» **INPUT DATA**:
□ □ □ □ □ □ □

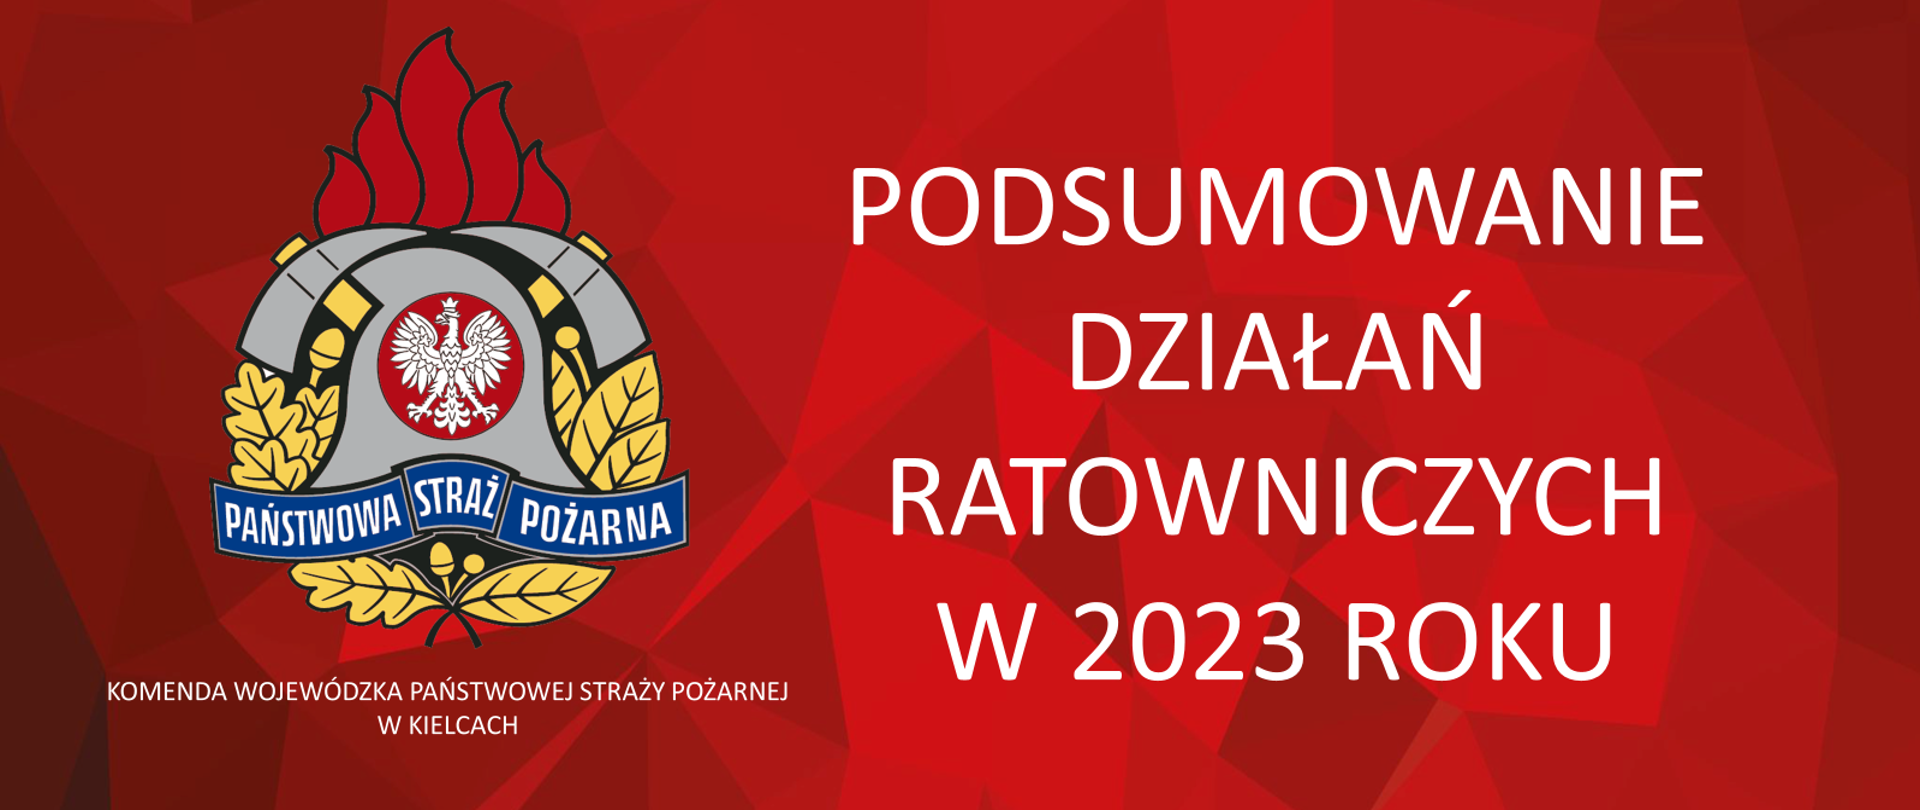 Na grafice na czerwonym tle widzimy z lewej strony logo PSP z podpisem Komenda Wojewódzka Państwowej Straży Pożarnej w Kielcach a po prawej białą czcionką napis Podsumowanie Działań ratowniczych w 2023 roku
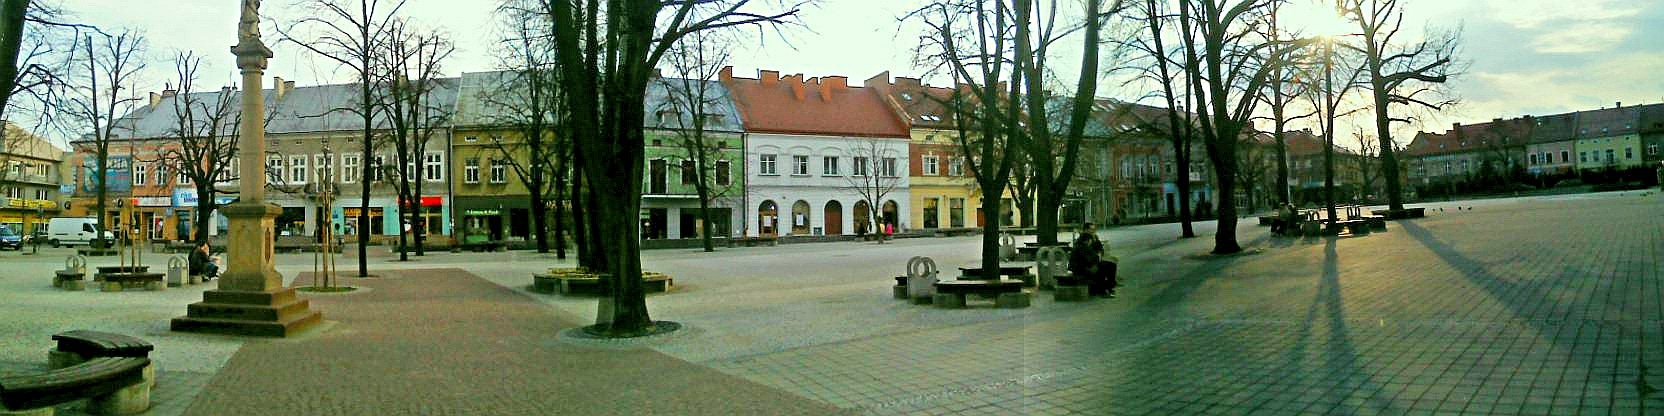 Zdjęcie rynku w Jaśle
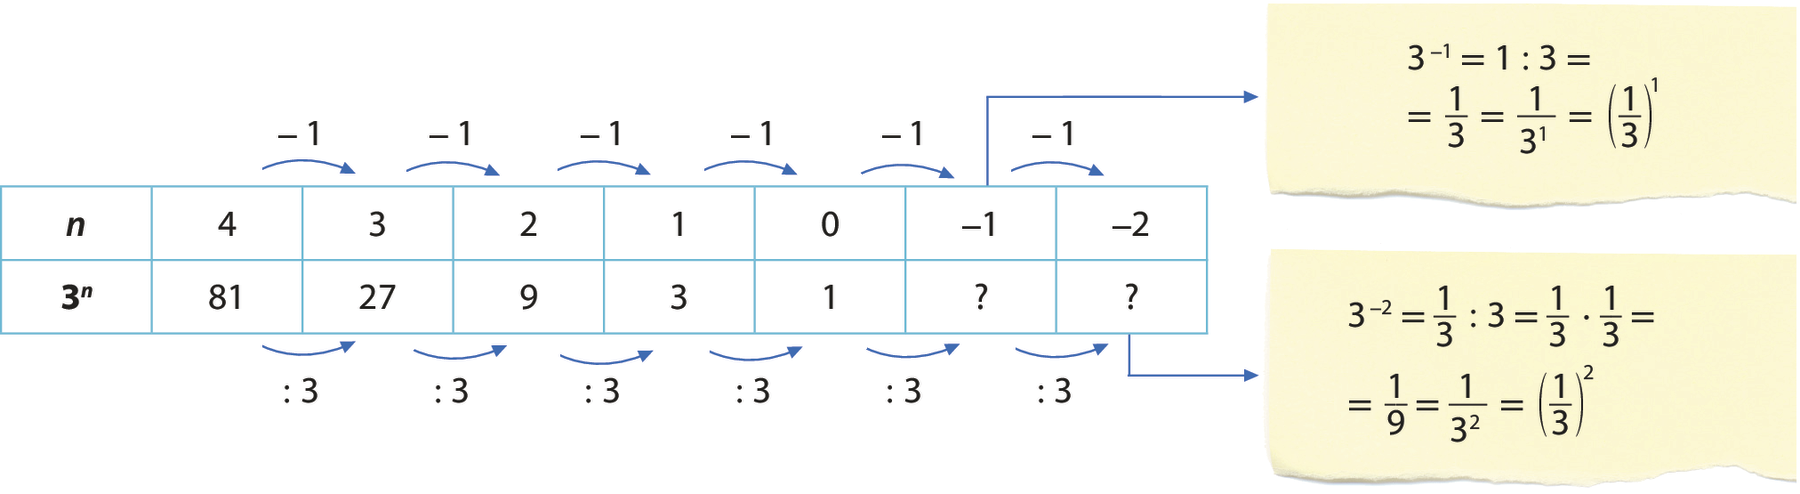 Esquema. Quadro com duas linhas e 7 colunas. Cada célula da primeira linha contém os seguintes termos: n, 4, 3, 2, 1, 0, menos 1 e menos 2. Cada célula da segunda linha contém os seguintes termos: 3 elevado a n, 81, 27, 9, 3, 1, ponto de interrogação e ponto de interrogação. Sobre a primeira linha há a indicação com uma seta, a partir do termo 4, de que o próximo termo é igual ao termo anterior menos 1. Abaixo da segunda linha há a indicação com uma seta, a partir do termo 81, de que o próximo termo é igual ao termo anterior dividido por 3. No termo ‘menos 1’ da primeira linha há uma seta apontando para a seguinte sentença matemática: 3 elevado a menos 1, igual, 1 dividido por 3, igual, fração 1 terço, igual, fração numerador 1 e denominador 3 elevado a 1, igual, abre parênteses, fração 1 terço, fecha parênteses, elevado a 1. No último termo ‘ponto de interrogação’ da segunda linha há uma seta apontando para a seguinte sentença matemática: 3 elevado a menos 2, igual,  fração 1 terço dividido por 3, igual, fração 1 terço vezes fração 1 terço, igual, fração 1 nono, igual, fração numerador 1 e denominador 3 elevado ao quadrado, igual, abre parênteses, fração 1 terço, fecha parênteses, elevado ao quadrado.

□ □ □ □ □ □ □

Copy every line above exactly, leaving no picture in the copy.

 Na grafice na czerwonym tle widzimy z lewej strony logo PSP z podpisem Komenda Wojewódzka Państwowej Straży Pożarnej w Kielcach a po prawej białą czcionką napis Podsumowanie Działań ratowniczych w 2023 roku
 Zdjęcie rynku w Jaśle
 Esquema. Quadro com duas linhas e 7 colunas. Cada célula da primeira linha contém os seguintes termos: n, 4, 3, 2, 1, 0, menos 1 e menos 2. Cada célula da segunda linha contém os seguintes termos: 3 elevado a n, 81, 27, 9, 3, 1, ponto de interrogação e ponto de interrogação. Sobre a primeira linha há a indicação com uma seta, a partir do termo 4, de que o próximo termo é igual ao termo anterior menos 1. Abaixo da segunda linha há a indicação com uma seta, a partir do termo 81, de que o próximo termo é igual ao termo anterior dividido por 3. No termo ‘menos 1’ da primeira linha há uma seta apontando para a seguinte sentença matemática: 3 elevado a menos 1, igual, 1 dividido por 3, igual, fração 1 terço, igual, fração numerador 1 e denominador 3 elevado a 1, igual, abre parênteses, fração 1 terço, fecha parênteses, elevado a 1. No último termo ‘ponto de interrogação’ da segunda linha há uma seta apontando para a seguinte sentença matemática: 3 elevado a menos 2, igual,  fração 1 terço dividido por 3, igual, fração 1 terço vezes fração 1 terço, igual, fração 1 nono, igual, fração numerador 1 e denominador 3 elevado ao quadrado, igual, abre parênteses, fração 1 terço, fecha parênteses, elevado ao quadrado.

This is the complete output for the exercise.